This is taking Chris out of context. _There's an awful lot of driving that people do that they really hate _and _Road rage would not be a thing if people truly liked driving _are two seperate thoughts.

Are you trying to say most people don't hate most miles they drive? Congestion? Long boring commutes? Staying alert and trapped?

Of course we do.



jocker12 said:


> *Third - Human psychology problem*
> It is interesting to learn how the self driving cars engineers already know what the main problem is - human psychology. Something they barely understand and can't control. Here is Chris again - _"Well, it's not even that they grab for it, it's that they experience it for a while and it works, right? And maybe it works perfectly every day for a month. The next day it may not work, but their experience now is, "Oh this works," *and so they're not prepared to take over and so their ability to kind of save it and monitor it decays with time*." _
> 
> In other words, once adjusted to a non threatening environment, the human brain relaxes and it disconnects its focus from the initial potential source of danger. People change their focus, and even if they don't, the ability to reconnect and react to a sudden change in the environment, when is about a vehicle in motion, it is not quick enough. The self drivable system is failing and the brain cannot react quick enough (hands on the steering wheel, feet on the pedals, eyes on the road, asses the situation and properly react to it), resulting in a potentially fatal situation. Joshua's Brown death speaks for itself -*Tesla driver in fatal 'Autopilot' crash got numerous warnings: U.S. government*
> (https://www.reuters.com/article/us-...umerous-warnings-u-s-government-idUSKBN19A2XC)


----------



## RamzFanz (Jan 31, 2015)

jocker12 said:


> *Fourth - Self drivable engineers sneaky approach
> *
> This guys don't know what they are doing. They know what they want, but don't know how to achieve those goals. They try to lie the car manufacturers and the general public, because they feel like they "sit" on something valuable, and if their PR speech is done right, they might end up as billionaires. Let's listen to Chris again - _"Yeah, I think on the one hand, you'd like to be able to be the one company doing this and pushing it forward, and on the other, it's awesome. Because you know a - what is it? - a rising sea floats all boats. And so if you think about the social values of the increased safety on the road, the better access to mobility for people, we want to see this happen, right? I think it's really important for society, *and so as more companies get involved, there's a broader ecosystem, there's more likelihood that one of them succeeds*. So I think that's fantastic, right? That's very desirable."
> _
> If they would have known how to do it, if it would have been only about building the hardware and writing the simple software with binary options, the self drivable cars would have been on the roads long time ago. But they are not, and those guys saying they would change the world of transportation, are clueless about how to do it. They think, according to Chris Ulmson, the more companies involved, the better the chances to succeed. So, according to that logic, it is not about the quality of the brains involved, it is about the number of the organizations involved....

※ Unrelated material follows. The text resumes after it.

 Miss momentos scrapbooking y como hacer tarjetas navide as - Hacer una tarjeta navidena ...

I don't even know where you're going with this. It's a proven fact that our minds and attention would wander if we auto-piloted around 98% of the time but had to take over 2% of the time. There are already studies.

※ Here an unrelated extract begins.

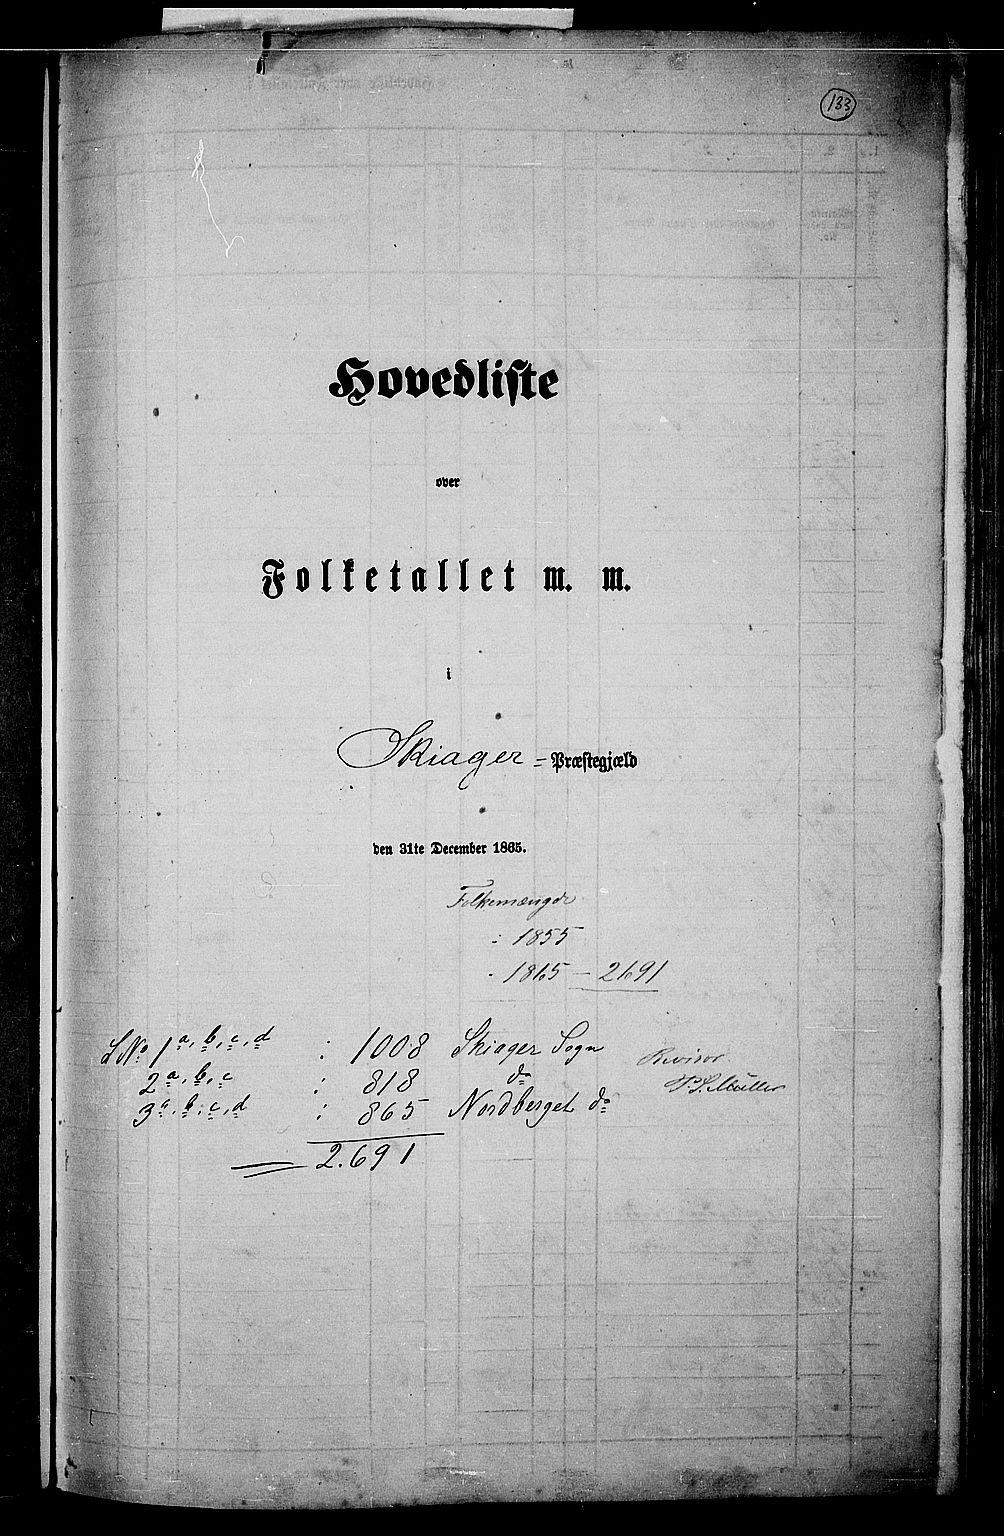 RA, Folketelling 1865 for 0513P Skjåk prestegjeld, 1865, s. 1

And no, that's not what Chris is saying. The quality of brains involved on this single goal probably exceeds any undertaking by corporations in history. They didn't do it before because the technology wasn't there. Now it is.



jocker12 said:


> If we take a closer look to what Chris is saying, the industry is already questioning Tesla's Auto Pilot approach - "S_o some of what he's doing really makes a ton of sense, _*but it's hard for me to believe that with that just cameras that they're going to, in any time in the near future*_, get to the level of reliability you really need to launch a car where you can kind of go to sleep in it and let it take you where you want to go."_
> 
> People familiar enough with this technology, remember how Anthony Lewandowsky, the Uber engineer that left Google with 14000 documents, also questioned Teslas approach - "_Yo! I'm back at 80%, super pumped ... _*we've got to start calling Elon on his shit. I'm not on social media but let's start "faketesla" and start giving physics lessons about stupid shit Elon says*_ like this: "we do not anticipate using lidar. Just to make it clear, lidar essentially is active photon generation in the visible spectrum - radar is active photon generation in essentially the radio spectrum. But lidar doesn't penetrate intrusions so it does not penetrate rain, fog, dust and snow, whereas a radar does. Radar also bounces and lidar doesn't bounce very well. You can't do the "look in front of the car in front of you" thing. So I think the obvious thing is to use radar and not use lidar._"(https://www.recode.net/2017/8/15/16...-levandowski-texts-tesla-google-waymo-lawsuit)
> 
> Also Wall Street Journal noted in its Aug.27th 2017 article - *Tesla's Push to Build a Self-Driving Car Sparked Dissent Among Its Engineers - *Elon Musk's ambitious goals for Autopilot technology have prompted safety warnings and resignations - "In a meeting after the October announcement, someone asked Autopilot director Sterling Anderson how Tesla could brand the product "Full Self-Driving," several employees recall. "This was Elon's decision," they said he responded. Two months later, Mr. Anderson resigned. Behind the scenes, the Autopilot team has clashed over deadlines and design and marketing decisions, according to more than a dozen people who worked on the project and documents reviewed by The Wall Street Journal. In recent months, the team has lost at least 10 engineers and four top managers-including Mr. Anderson's successor, who lasted less than six months before leaving in June."(https://www.wsj.com/articles/teslas...sparks-dissent-among-its-engineers-1503593742)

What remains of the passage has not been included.